THE Coventry Dresden Cope, designed by internationally known artist, Terry Duffy, was blessed and worn for the first time this Lent, by the Bishop of Coventry, Dr Christopher Cocksworth.
The new cope is a very special artwork. Using a novel method, it brings together images depicting the destruction of both cities, in such a way as to promote hope and unity, where there was formerly bitter division, between two communities that suffered terribly on opposing sides during the Second World War.
Special significance lies in its proclaiming, in English and German, the words that were inscribed by Provost Howard amid the ash of the bombed St Michael’s Cathedral: “Father forgive”: “Vater vergib”. Those words provided the inspiration for the spirit of reconciliation which the new Coventry Cathedral, itself a work of art, came to epitomise.
What is new is that photographic images of actual events of the war, directly reproduced on the garment by complex digital means rather than embroidered, are at the heart of Terry Duffy’s artwork.
Central to the artistic design, or photomontage, is a reproduction of the massive 14ft cross originally created by Duffy in 1981-83, proclaiming “Victim, no resurrection”, which was seen in England and as far away as Cape Town, where it symbolised the anniversary of the end of apartheid, and New York.
This new cope memorably depicts the brutal destruction of both Coventry and Dresden. On the left, it shows the visit by Winston Churchill to Coventry’s bombed-out cathedral, and, above that, the statue by Jacob Epstein of St Michael overcoming the devil, which is now sited close to the cathedral’s north-west door. On the right, Duffy depicts the ruins of Dresden, with a British bomber glowering overhead, and the doomed Frauenkirche or cathedral — then soon to collapse, but now wondrously restored — looming over the city.
One poignant detail below the cross shows a young German soldier assisting an old lady, father, and child. A commanding mother with child also features at top left, and at bottom right, the statue of Truth and Justice from Dresden Town Hall, which survived the bombing.

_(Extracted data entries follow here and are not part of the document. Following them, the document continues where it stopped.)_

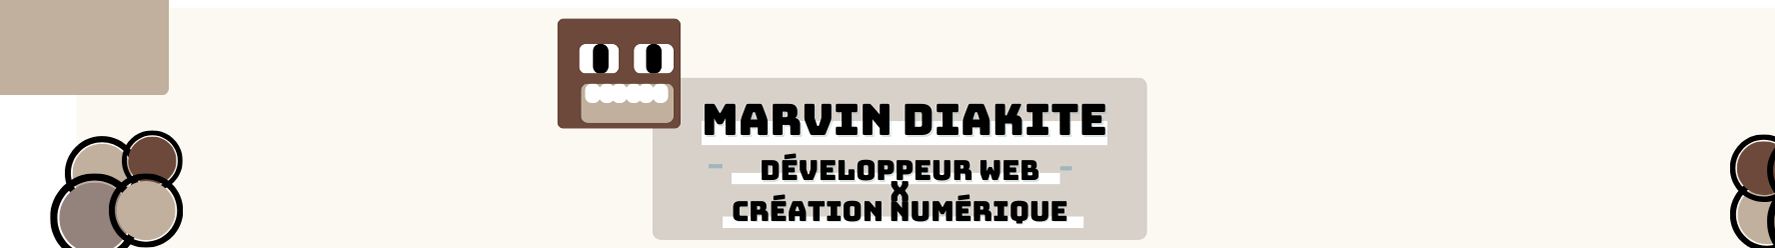 Marvin Diakites profilbanner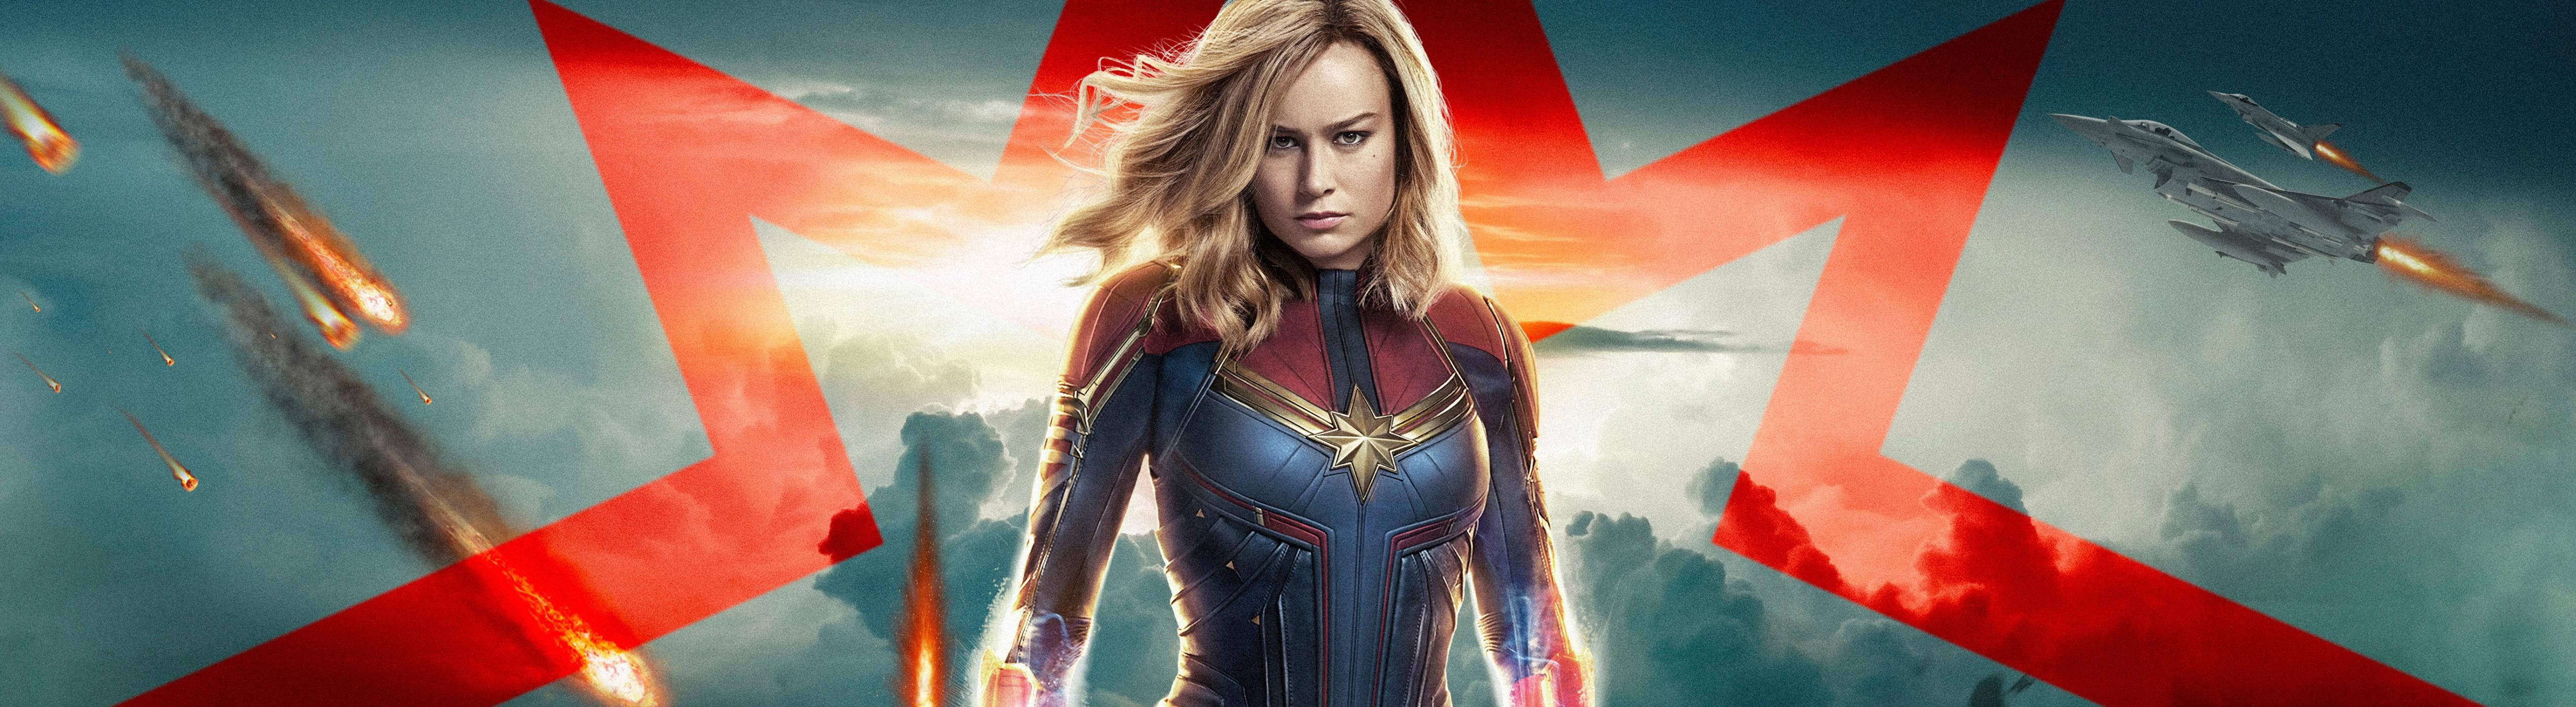 Captain Marvel 5120 X 1440 Background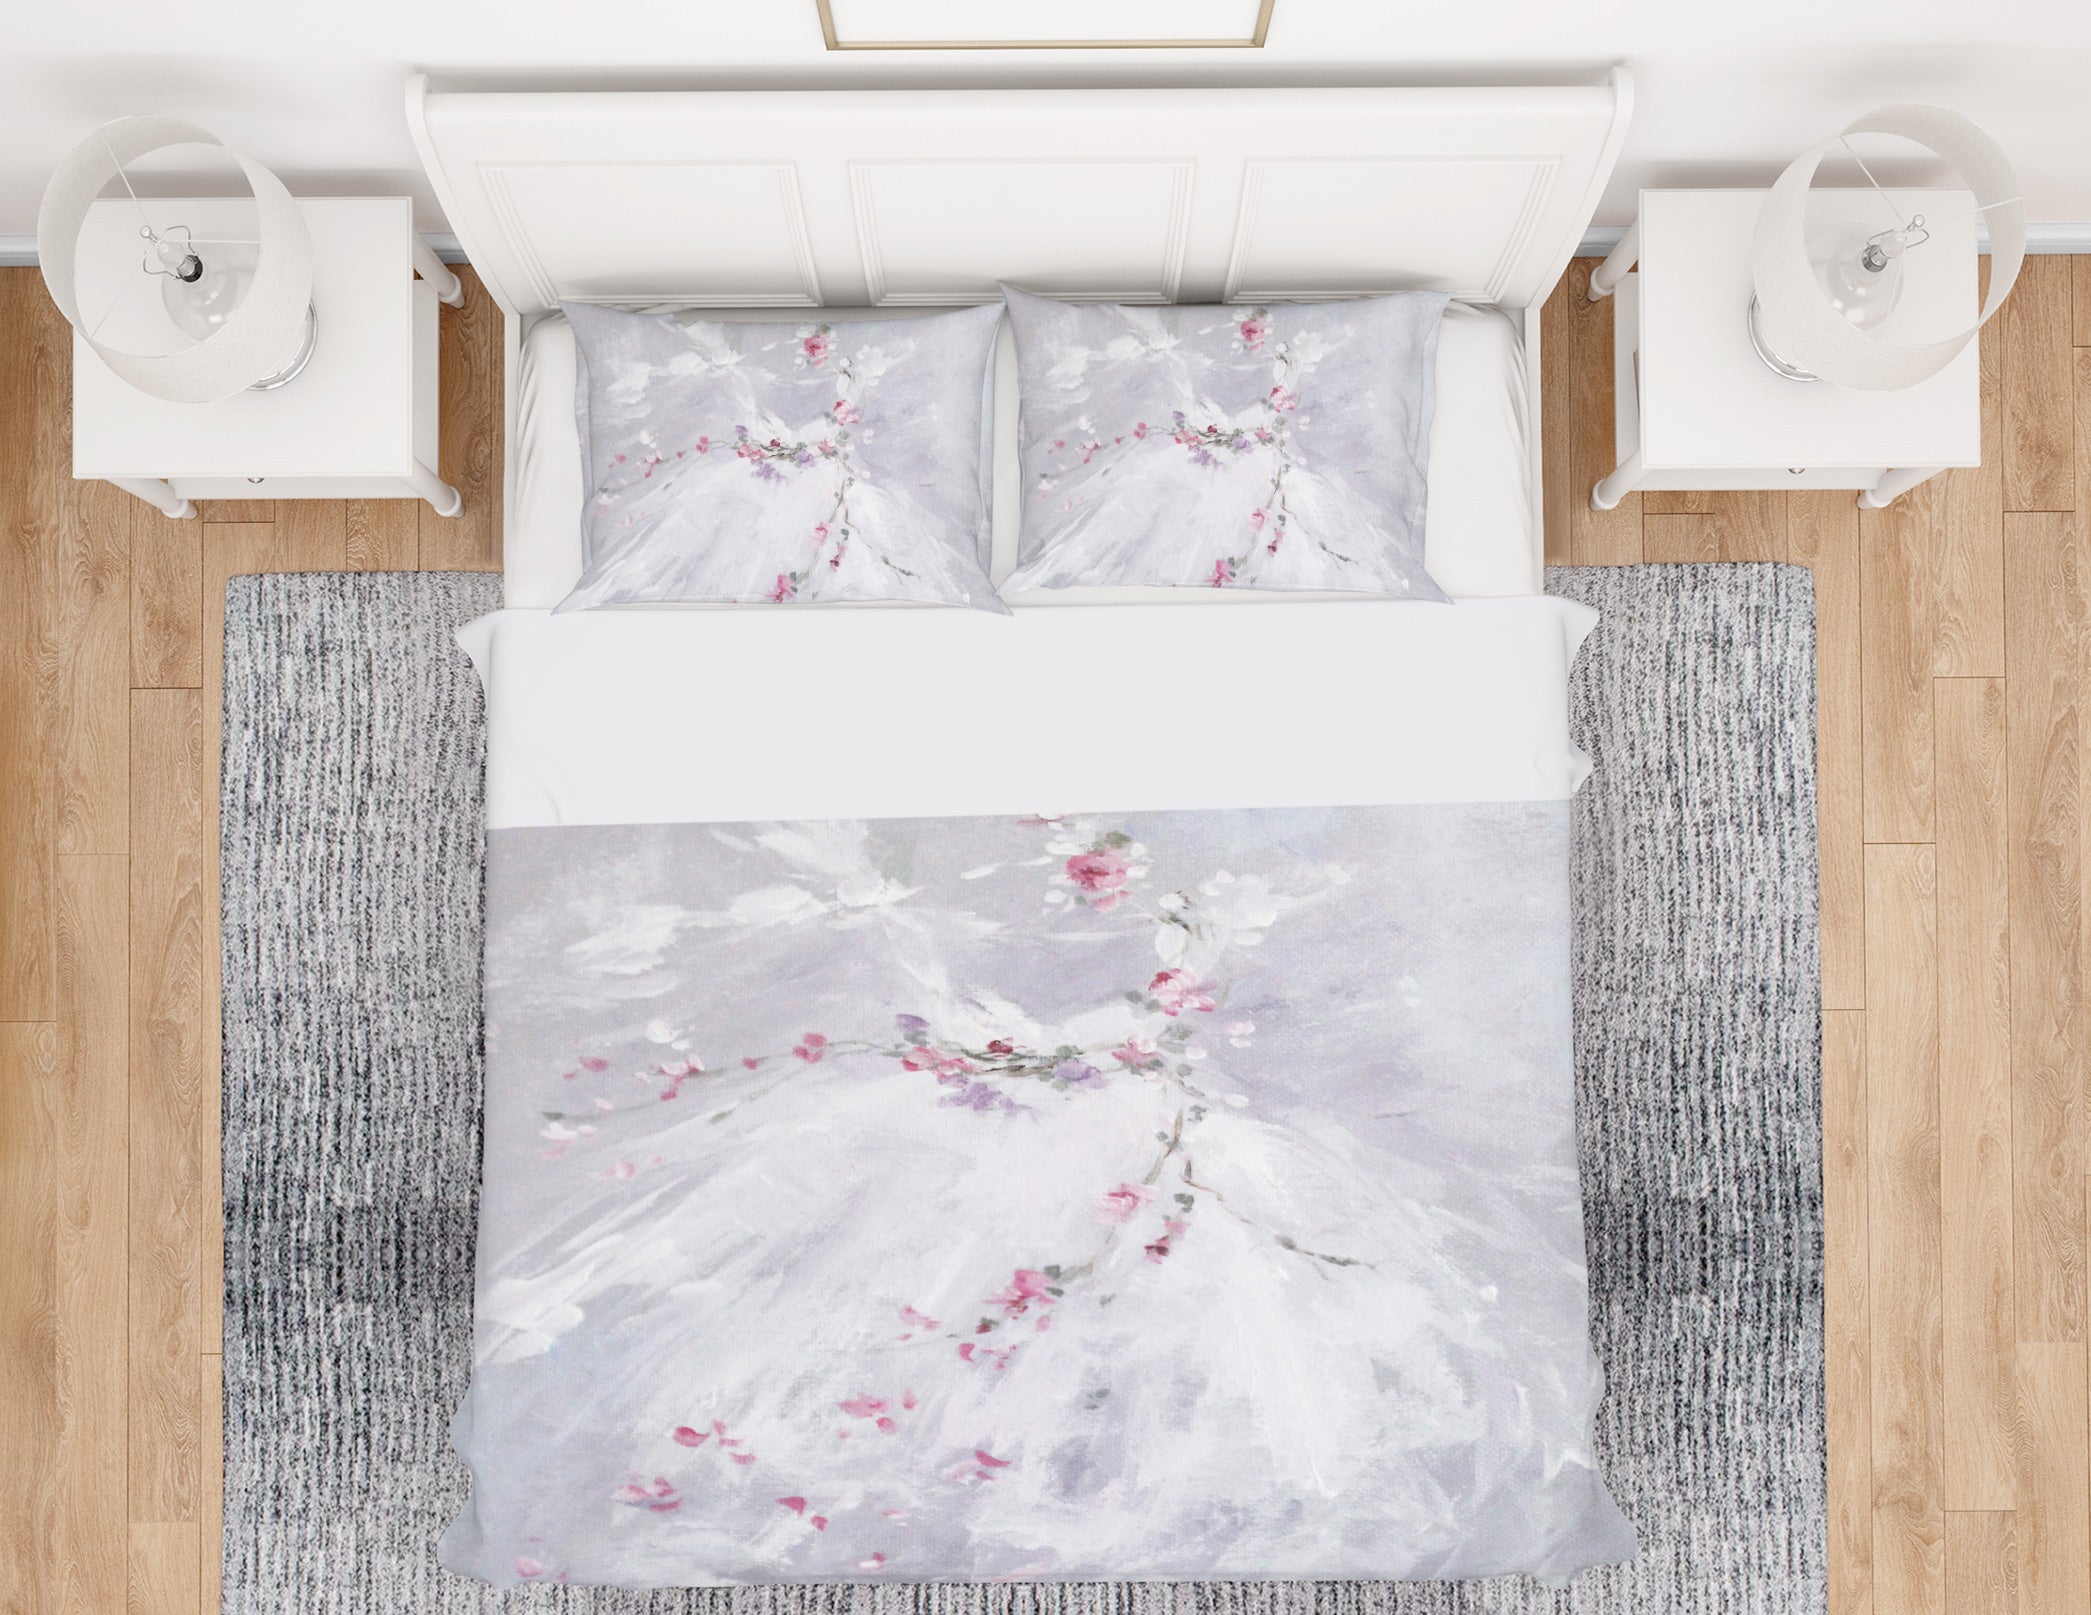 3D White Skirt Flowers 2151 Debi Coules Bedding Bed Pillowcases Quilt

A large painting by Duffy, its predominant image evoking a blue cope, went on display in the Kreuzkirche in Dresden in 2015, the 70th anniversary of the bombing. This generated the idea that imagery of the Dresden and Coventry bombings might be projected on to an actual cope, to betoken the unifying of the two cities in past suffering, fresh hope, and phoenix-like resurgence.
The fabric used is silk and poplin, while the bold and striking background, as in the painting, is Coventry blue — amazingly, the artist says, it turned out there is such a colour.
”To me,” Duffy says, “it’s an important step forward in the democratisation of the Church. The Bishop wears the reality: the imagery of war is not merely implied but actually displayed. It pays homage to a centuries-old tradition, but by employing entirely new means.”